[Opening RECORD EXTRACTS section]

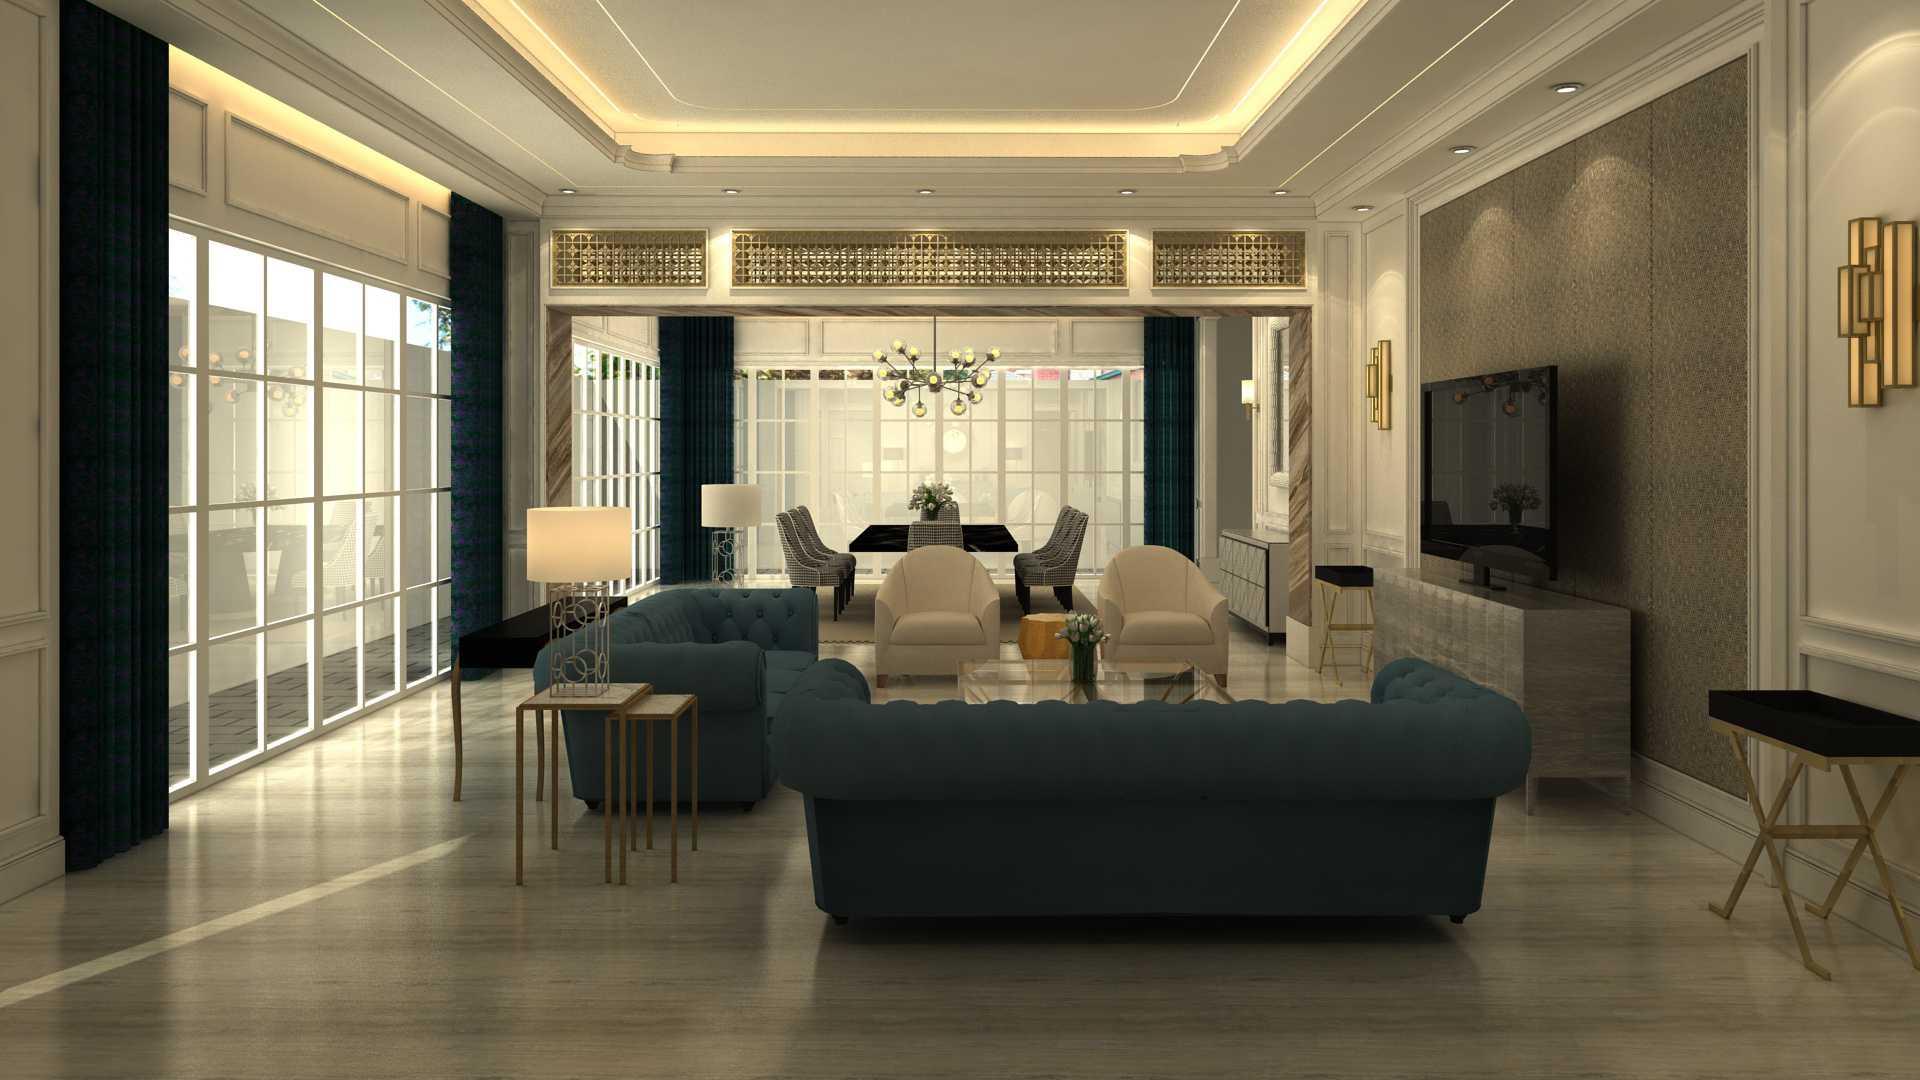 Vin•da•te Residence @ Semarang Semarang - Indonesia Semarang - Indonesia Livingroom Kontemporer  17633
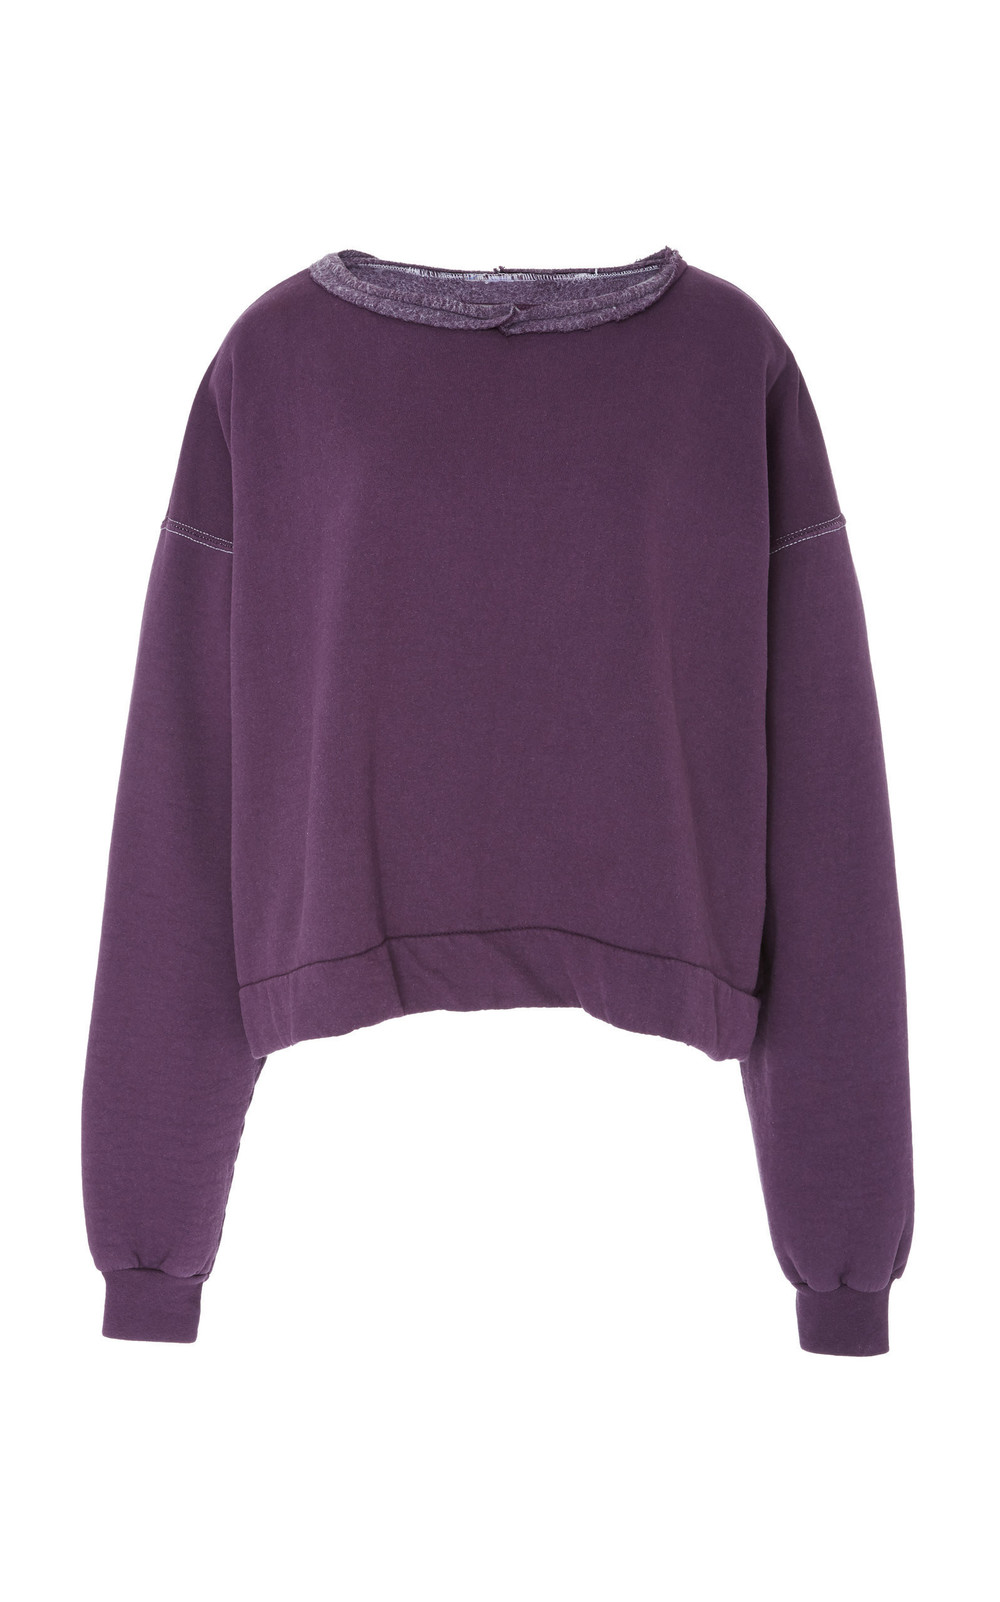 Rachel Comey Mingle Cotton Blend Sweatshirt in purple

[Closing RECORD EXTRACTS section]
[Opening RECORD EXTRACTS section]

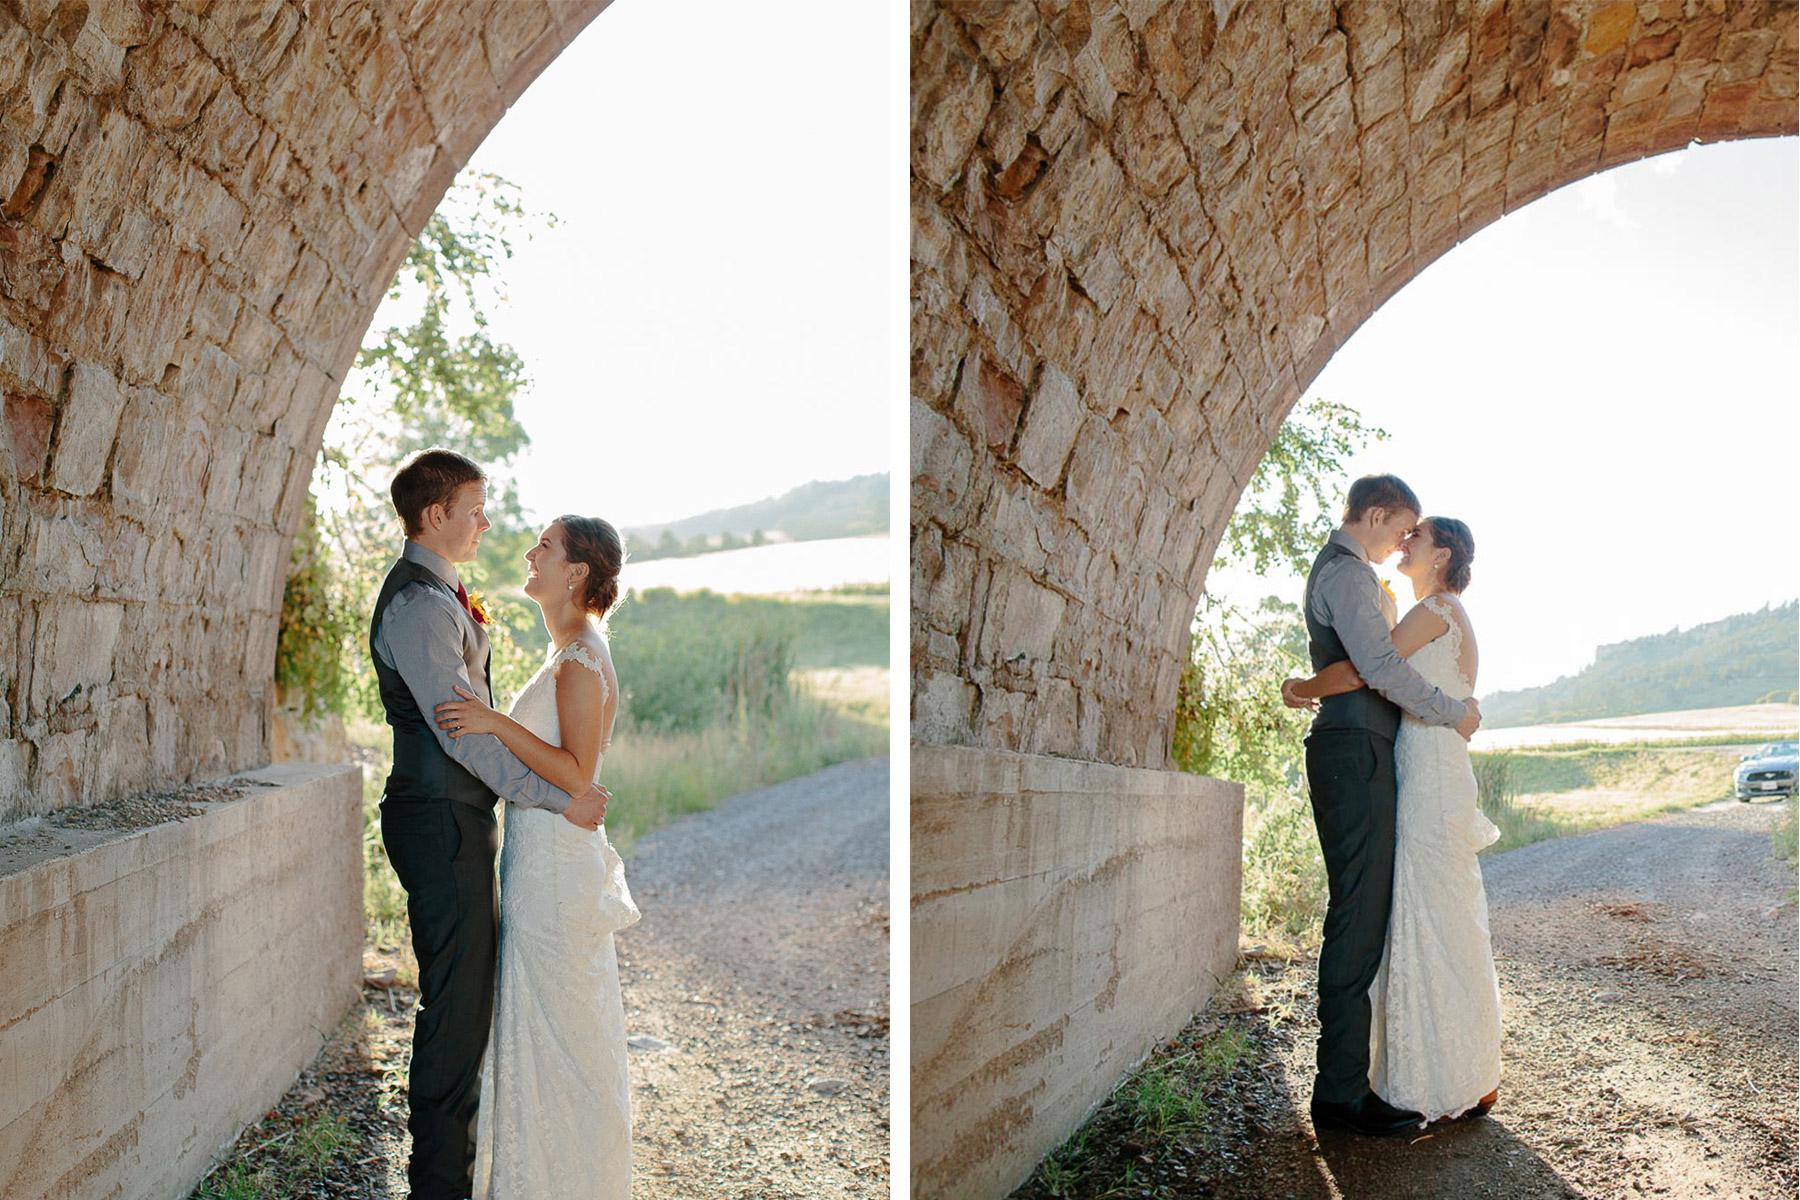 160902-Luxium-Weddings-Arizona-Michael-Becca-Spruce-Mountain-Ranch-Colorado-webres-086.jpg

[Closing RECORD EXTRACTS section]
[Opening RECORD EXTRACTS section]

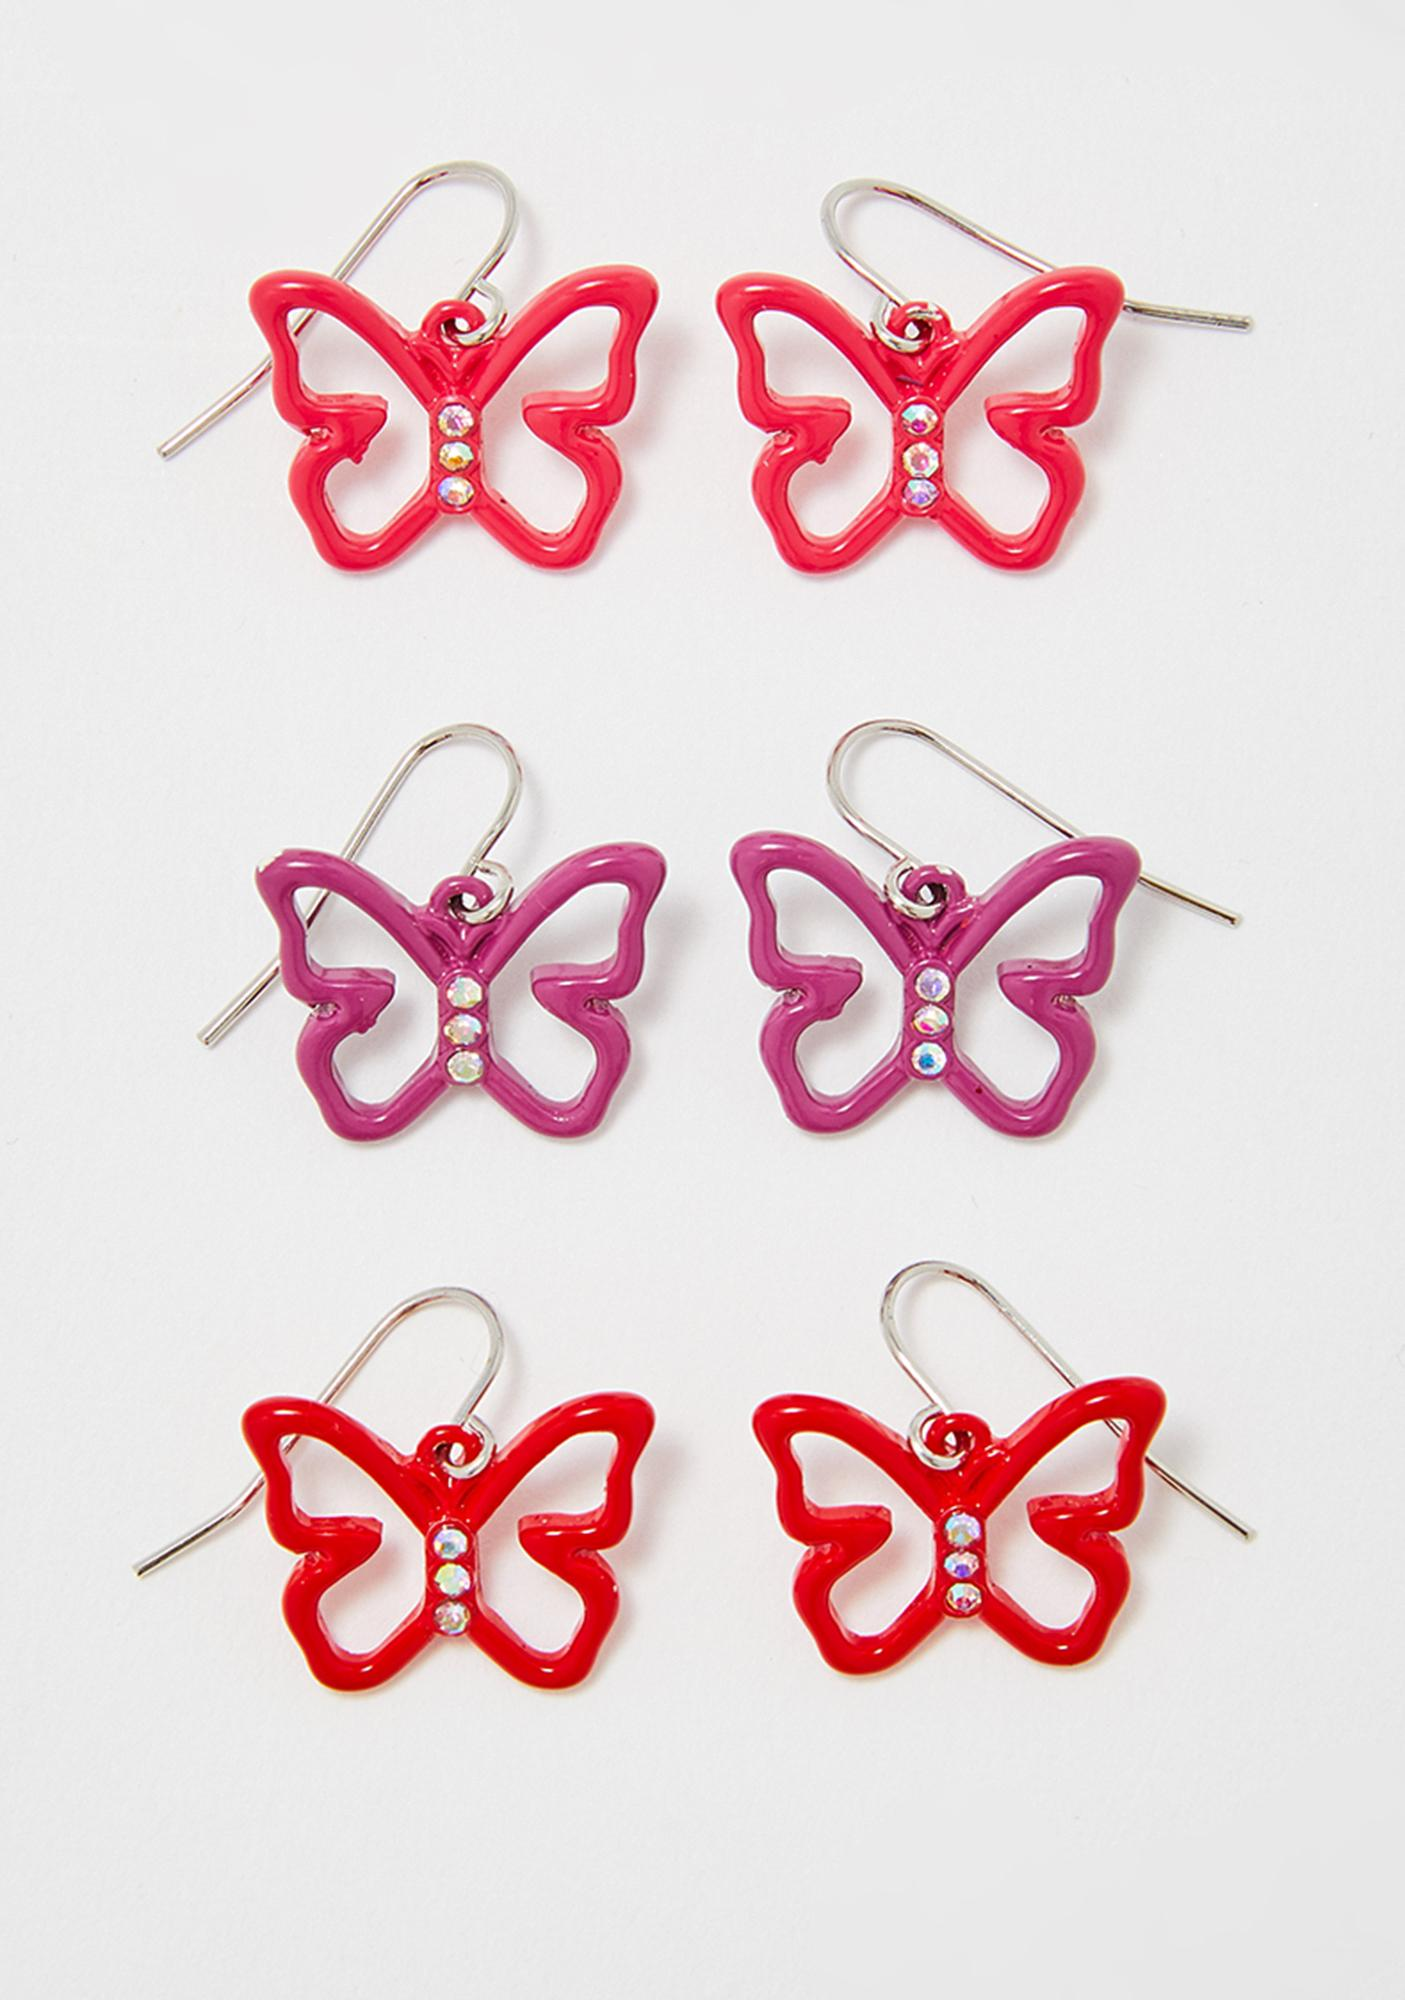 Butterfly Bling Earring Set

[Closing RECORD EXTRACTS section]

Using the entries above, extract exactly the lines from the one that contains "Vin•da•te Residence @" through the one that contains "Rachel Comey Mingle". Do not carry over any pictures.

 Vin•da•te Residence @ Semarang Semarang - Indonesia Semarang - Indonesia Livingroom Kontemporer  17633
 Rachel Comey Mingle Cotton Blend Sweatshirt in purple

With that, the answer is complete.